David Grann’s true crime tale “Killers of the Flower Moon: The Osage Murders and the Birth of the FBI” is our second pick for the PBS NewsHour-New York Times book club, “Now Read This.” Become a member of the book club by joining our Facebook group, or by signing up for our newsletter. For an FAQ on how book club works, see here.
David Grann is an American journalist who knows a little something about digging up secrets. His first book, the 2009 nonfiction bestseller “The Lost City of Z,” recounts the exploits of British explorer Percy Fawcett — who disappeared after journeying into the Amazon — as well as Grann’s own journey to the Amazon to figure out how Fawcett died.
His 2017 book “Killers of the Flower Moon” also investigates a mystery, this time a string of sordid murders of wealthy members of the Osage Indian tribe in Oklahoma in the 1920s after oil was discovered on their land. The true-life murder mystery twists and turns as it tells the tale of how dozens were killed, how the newly-created FBI investigated the crimes, and how the murderers were able to get away with it for so long.
Below, Grann, who is a staff writer at the New Yorker, shares how he found this story, and how he writes — from his daily routine, to the book he thinks everyone should read, to the best piece of writer’s advice he ever received. Later this month, he’ll also share a photo essay and annotated page from “Killers of the Flower Moon.” Here are 5 questions with David Grann, in his words:
1.What is your daily writing routine?
After years of hoping there might be some mysterious secret of productivity to unlock, I’ve given up and realized that the only way to write is to sit down at the computer and stare at it. And so each day at around 9 a.m., after consuming several cups of black coffee, I tend to plop down at the computer. My goal is the same each day: write 500 words. I take a break for lunch, then return to my desk. Some days I may hit the 500-word mark before dinner and am free. But, alas, there are other times when I may be toiling away late into the night.
2. What is your favorite childhood book? Or one book you think everyone should read?
It’s impossible to pick one book without leaving out so many that are essential. But one book that I think is of critical importance to understanding American history is James M. McPherson’s “Battle Cry of Freedom,” his original, brilliant, and sweeping account of the Civil War. Everyone should read it.
3. What is something you’ve seen, watched or read that you think is overlooked and deserves more attention?
Our attention tends to move so quickly that so many great books and shows get neglected. One author who deserves wider recognition is John Joseph Mathews, the prose-poet of the Osage Nation, who died in 1979. His books, including his 1934 semi-autobiographical novel, “Sundown,” capture what life was like on the Oklahoma prairie and the traumatic clash between white settlers and Native Americans. Not only was he an important writer—he was also an exquisite one.

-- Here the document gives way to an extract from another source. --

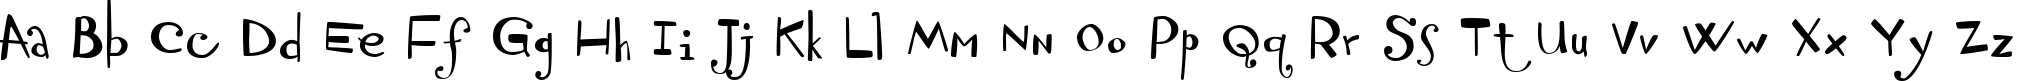 Пример написания английского алфавита шрифтом DayDream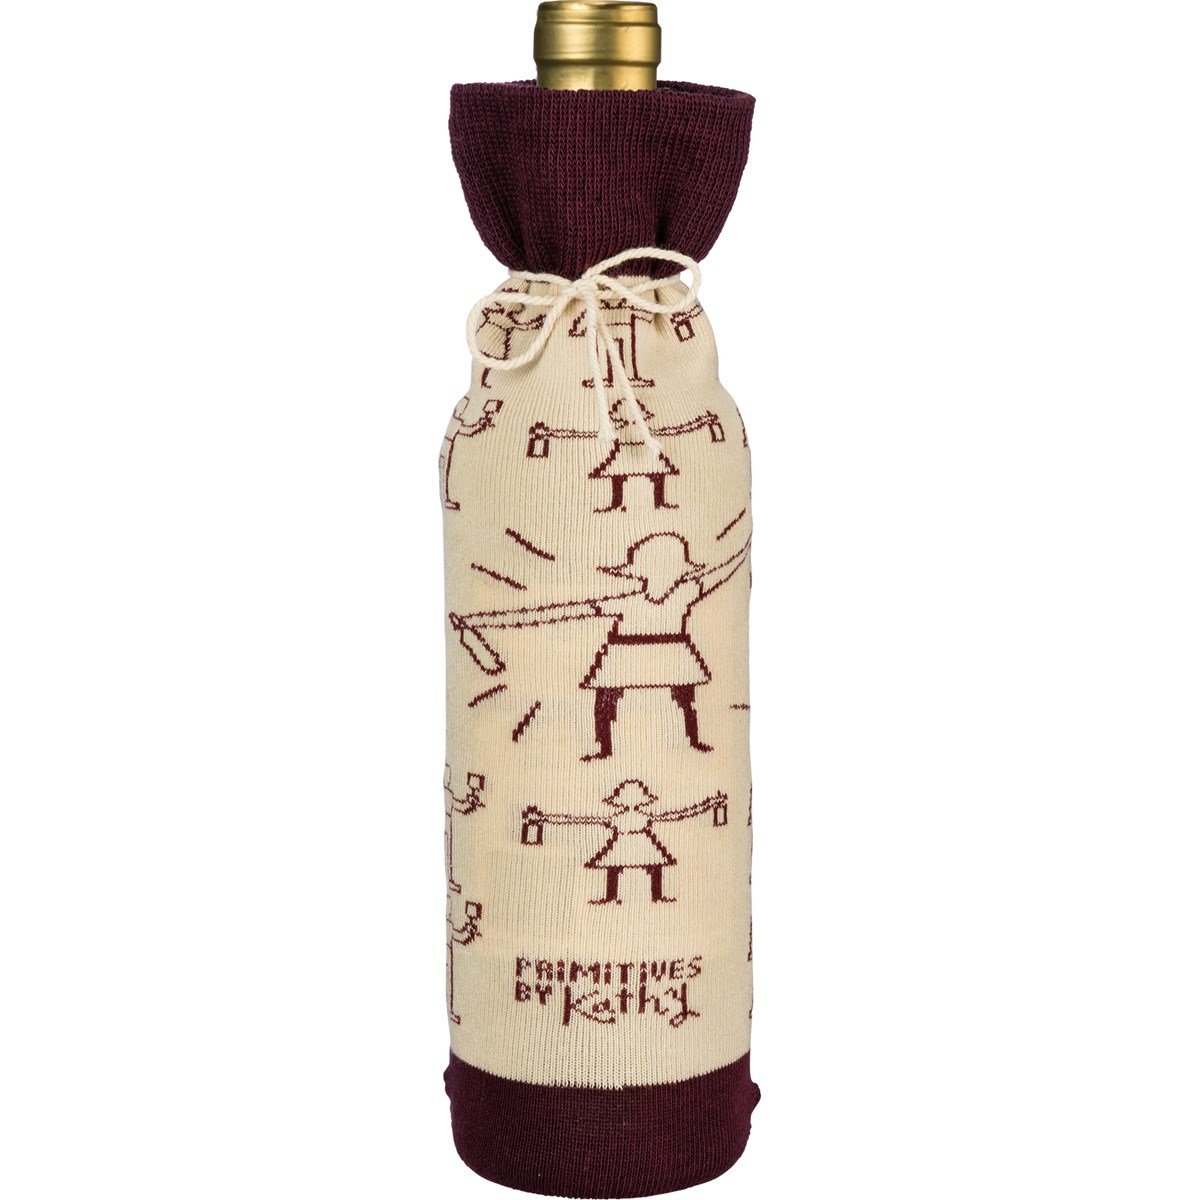 Bottle Sock - Don't Let Friends Wine Alone - 3.50" x 11.25", Fits 750mL to 1.5L bottles - Cotton, Nylon, Spandex

4. What is the best piece of writer’s advice you’ve received?
William Faulkner probably put it best: “Read, read, read. Read everything — trash, classics, good and bad, and see how they do it. Just like a carpenter who works as an apprentice and studies the master. Read! You’ll absorb it. Then write. If it’s good, you’ll find out. If it’s not, throw it out of the window.” My own advice is a bit simpler: Just do it!
5.Can you describe the moment you knew you wanted to write this particular book? And when did you know it was over?
I knew that I wanted to — and, indeed, had to — write this book after I made a trip to the Osage Nation Museum, in Oklahoma, several years ago. When I was there, I came across a photograph on the wall, which was taken in 1914 and showed a seemingly innocent gathering of white settlers and members of the Osage Nation. But part of the picture had been cut out. When I asked the museum director why, she said that it contained the image of a figure so frightening that she had removed it. She then pointed to the missing panel and said, “the devil was standing right there.” The figure was one of the white settlers who had participated in the systematic killing of the Osage for their oil money. The Osage had removed the image not to forget what had happened, but because they can’t forget. And yet so many others, including myself, had no knowledge of one of the most sinister crimes and egregious racial injustices in American history. After that visit to the museum, I spent close to five years researching and writing the book, and I knew that it was done when I had exhausted all the trails of evidence.